Cuando el tirano falleció, su tumba fue resguardada día y noche por una guardia establecida para evitar actos vandálicos. En vida, el tipo había actuado con un autoritarismo y crueldad que habrían hecho palidecer a los espectros de los dictadores más odiados por la memoria colectiva.
Unos pocos se aproximaban para contemplar el mausoleo, más por simple curiosidad que por alguna devoción embozada. Una que otra corona resplandecía en el frontis de la respetable construcción, custodiada por cuatro enhiestos militares, acompañados por sendos rotweiller que descansaban a sus pies.

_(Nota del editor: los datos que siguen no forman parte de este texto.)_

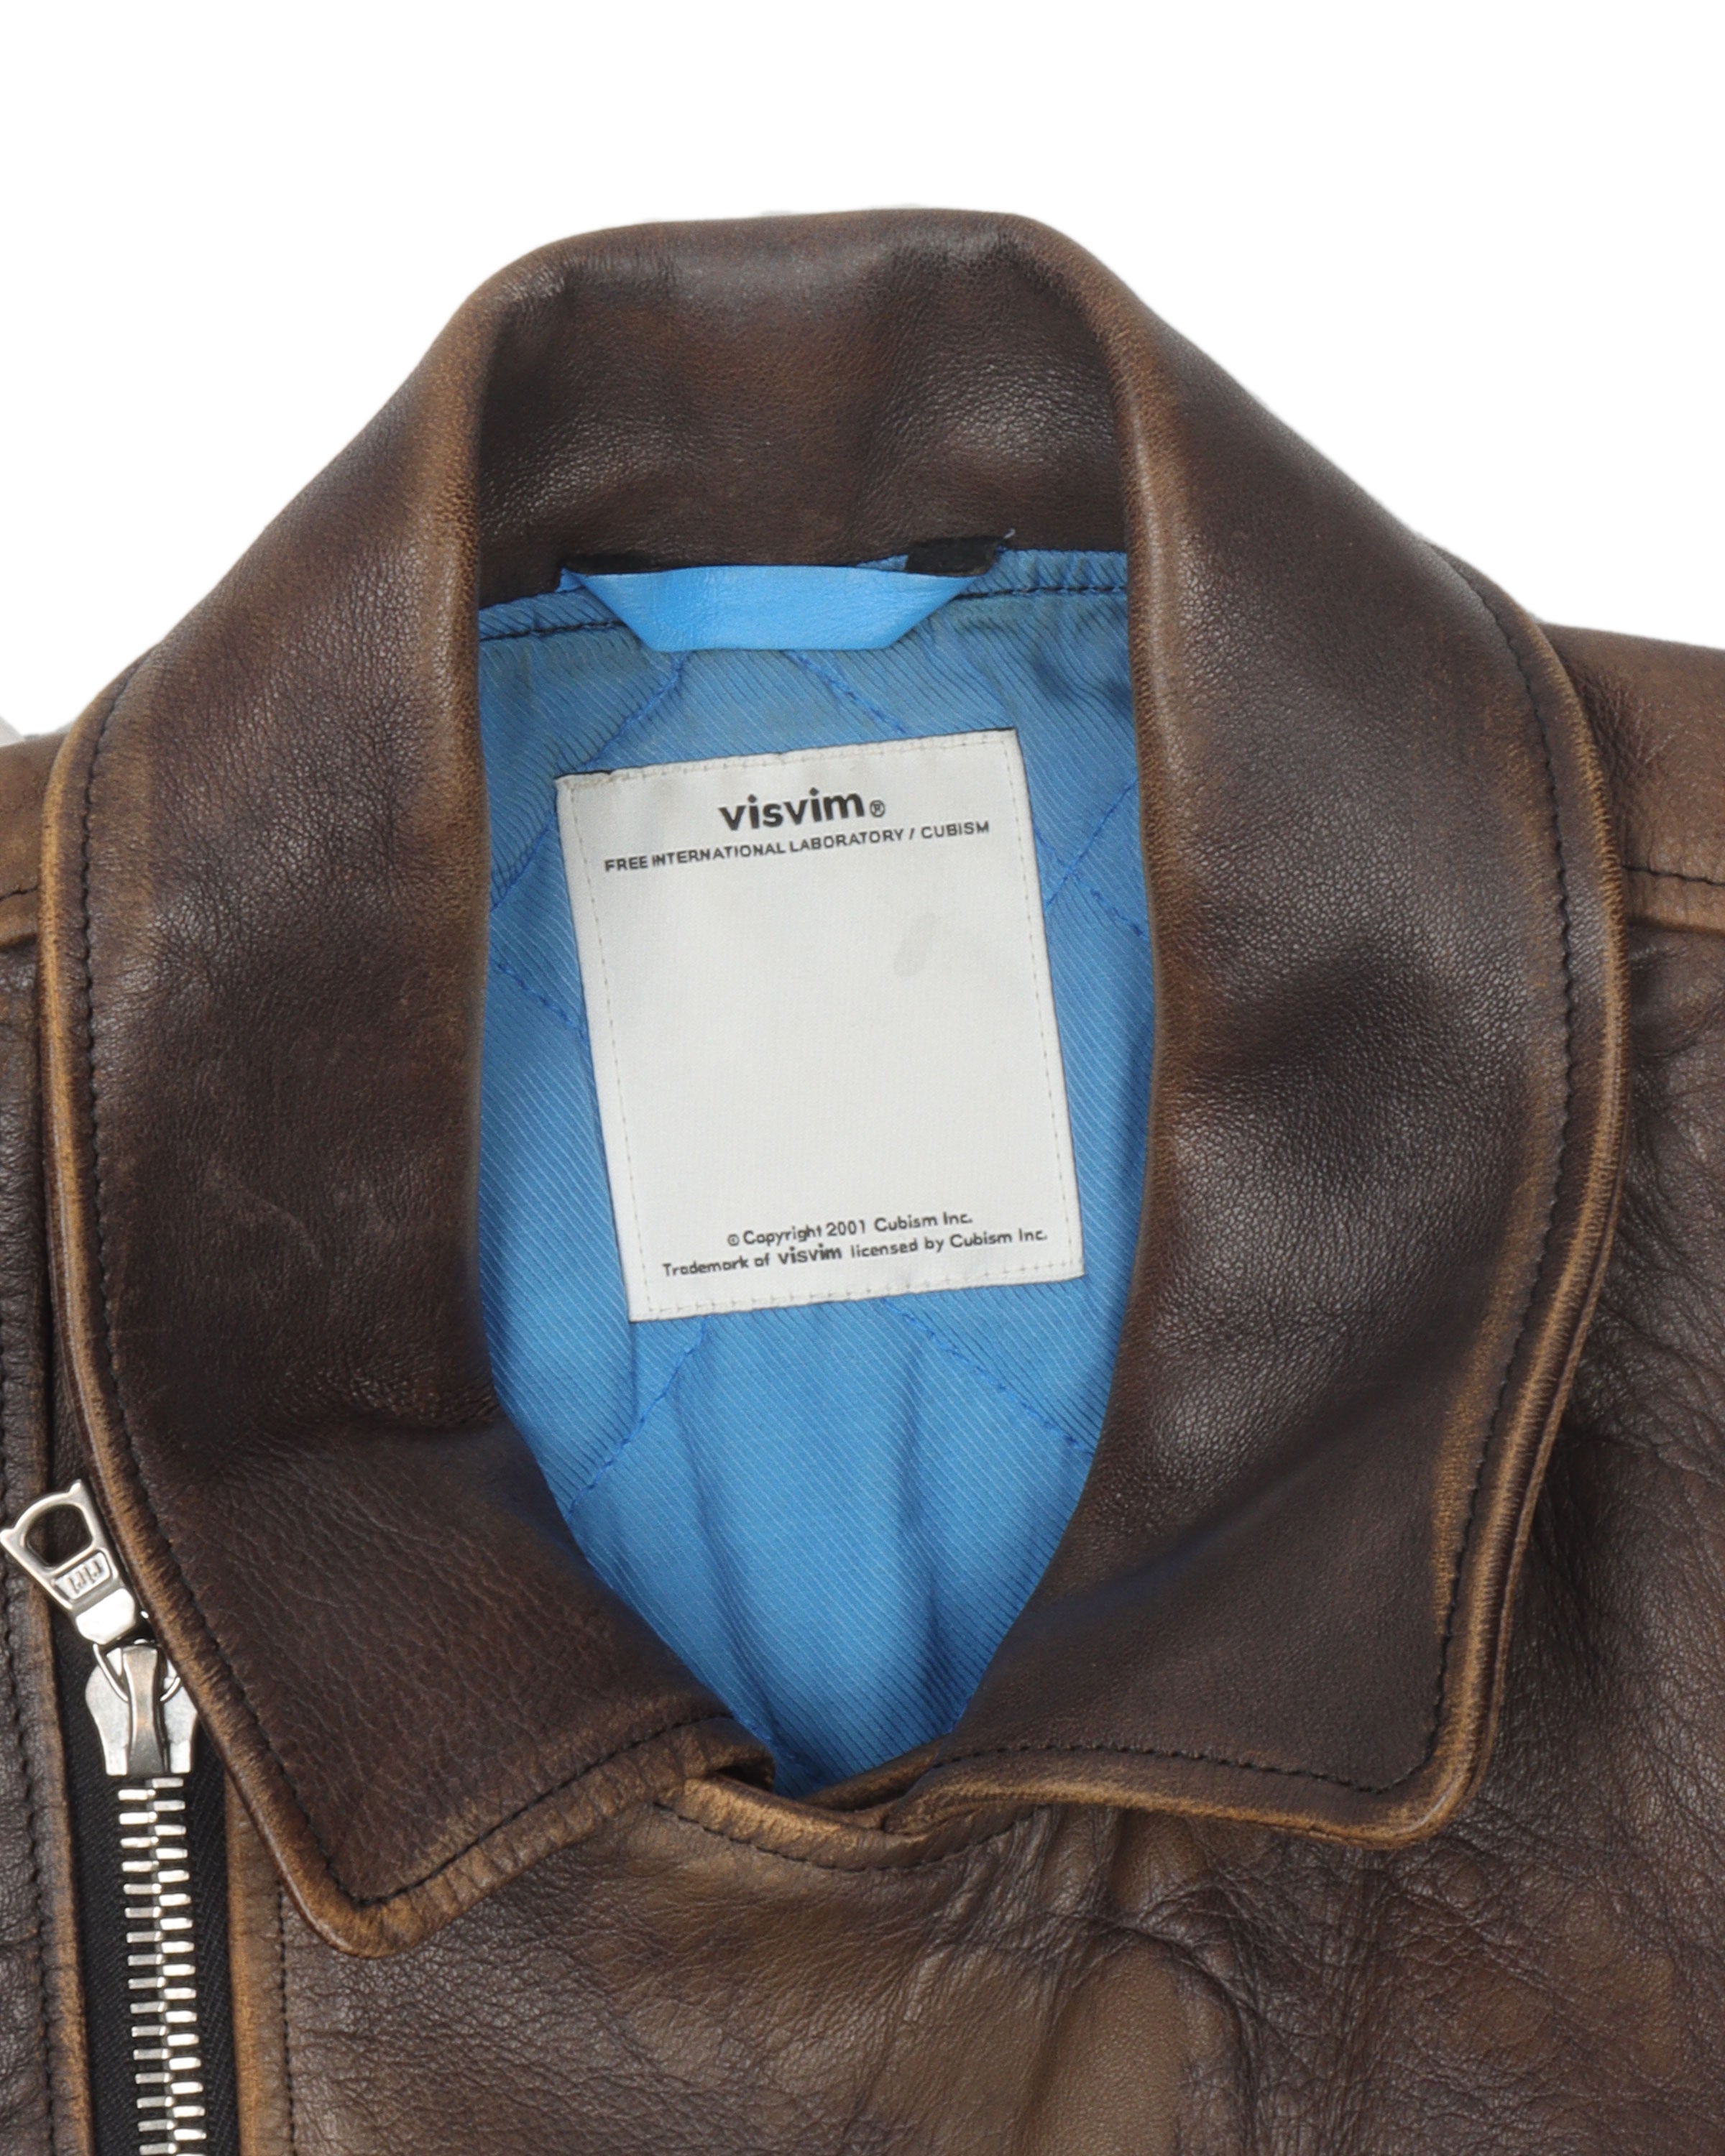 09AW Strabler Antique Moto Brown Leather Jacket

Los años se sucedían y la guardia permanecía inalterable. La gente se indignaba ante este hecho que significaba un costo elevado e innecesario para las arcas fiscales. Se elevaron voces que solicitaron acabar con este paranoico privilegio y fue tanto el clamor, que el gobierno de turno, luego de un gran debate y acalorada lucha en el parlamento, decidió terminar con este asunto y por fin la tumba aquella pudo ser visitada por la gente, no precisamente para llevarle flores y plegarias, sino para felicitarse por haber sobrevivido a tan repulsivo personaje.
No pasó mucho tiempo antes que un bombazo destrozara la fachada del imponente mausoleo y de inmediato los partidos que simpatizaban con el tirano, protestaron, argumentando que esto era nada más que el producto de almas resentidas que no querían reconocer que el que allí descansaba había sido nada menos que un padre de la patria.
Como la política se basa en cuoteos y componendas, se decidió restablecer la tan discutida guardia, lo que generó un gran debate en el que participaron todos los sectores y en especial, los organismos defensores de la libertad y los derechos humanos.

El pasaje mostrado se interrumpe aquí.